Another excellent Edublogs.org weblog
“Ah done lived Grandma’s way, now Ah means tuh live mine…She was borned in slavery time when folks, dat is black folks, didn’t sit down anytime dey felt lak it. So sittin’ on porches lak de white madam looked lak uh mighty fine thing tuh her. Dat’s whut she wanted for me- don’t keer whut it cost. Git up on uh high chair and sit dere. She didn’t have time tuh think whut tuh do after you got up on de stool uh do nothin’. De object wuz tuh git dere. So Ah got up on the high stool lak she told me, but Pheoby, Ah done nearly languished tuh death up there.” (114)

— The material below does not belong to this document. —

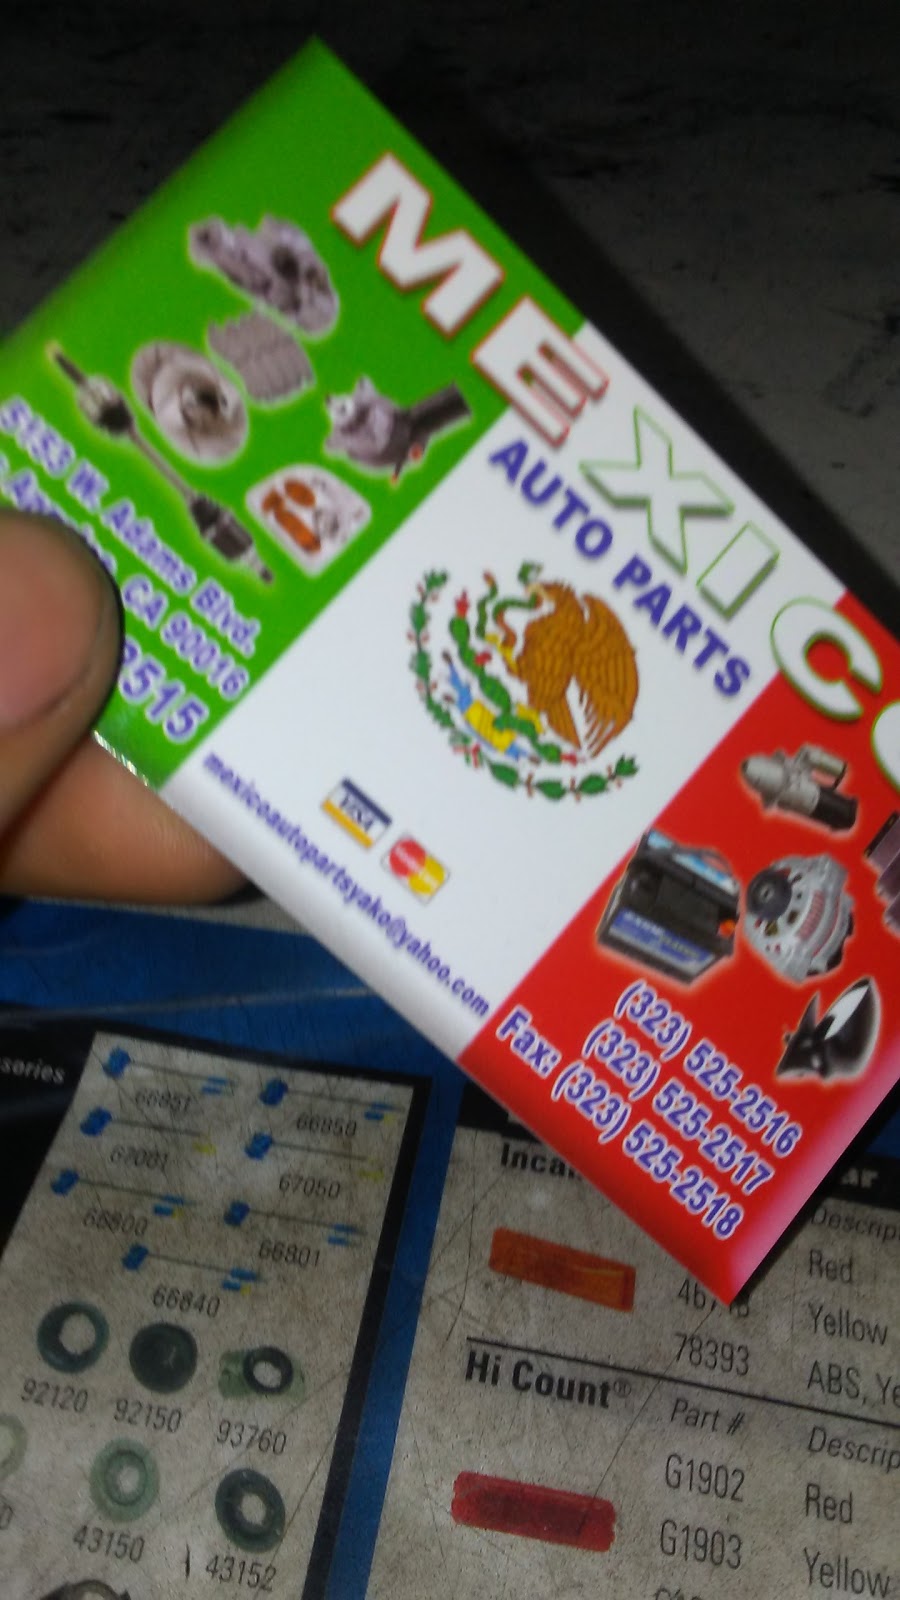 Mexico Auto Parts | 5153 W Adams Blvd, Los Angeles, CA 90016 | Phone: (323) 525-2515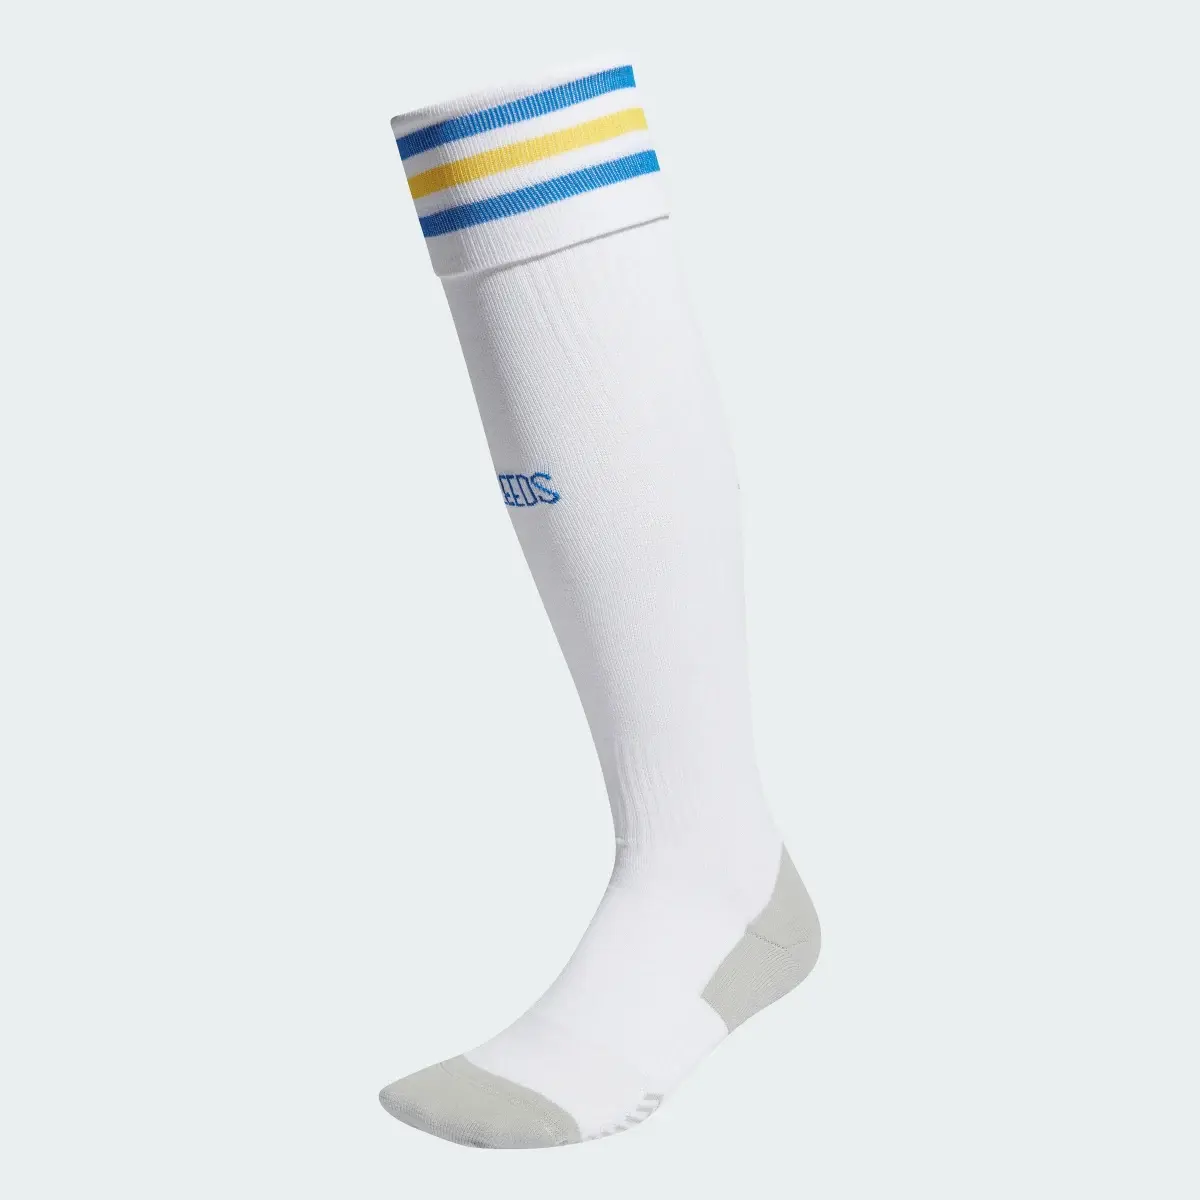 Adidas Leeds United FC 23/24 Home Socks. 1

The quote above is from Ch. 12, when Janie is talking to Pheoby about her relationship with Tea Cake and telling her what she plans to do next in her life. The quote is significant because it clearly shows Janie’s finally deciding to part with what Nanny had wanted for her. After being forced marry Logan when Nanny was still alive, Janie has striven to get herself closer to her ideal way of life with each subsequent marriage: she left Logan for Joey because she fell in love with Joey for his big dreams and ambitions; she realized later that Joey was just as (or even more) domineering and controlling a man as Logan had been, and her dream of having a romantic relationship deteriorated as years passed by; seeking a truly romantic relationship where she had the freedom to be the person she wanted to be and do the things she wished to do, she decided to go off with Tea Cake. The quote is also significant because it shows a fundamental difference between Janie and Nanny and what they want in their lives: having survived through the terrible conditions of slavery, having enough wealth to be able to sit in a high chair doing nothing was more than Nanny could want in her life. However, having been born after slavery ended, Janie didn’t have the same value Nanny had: knowing that being free (of forcible labor by whites) was a guaranteed right, she wanted so much more in life than Nanny did. She didn’t want others to have any control over her and her life in any way whatsoever, and thus resented at being told what to do by her husbands.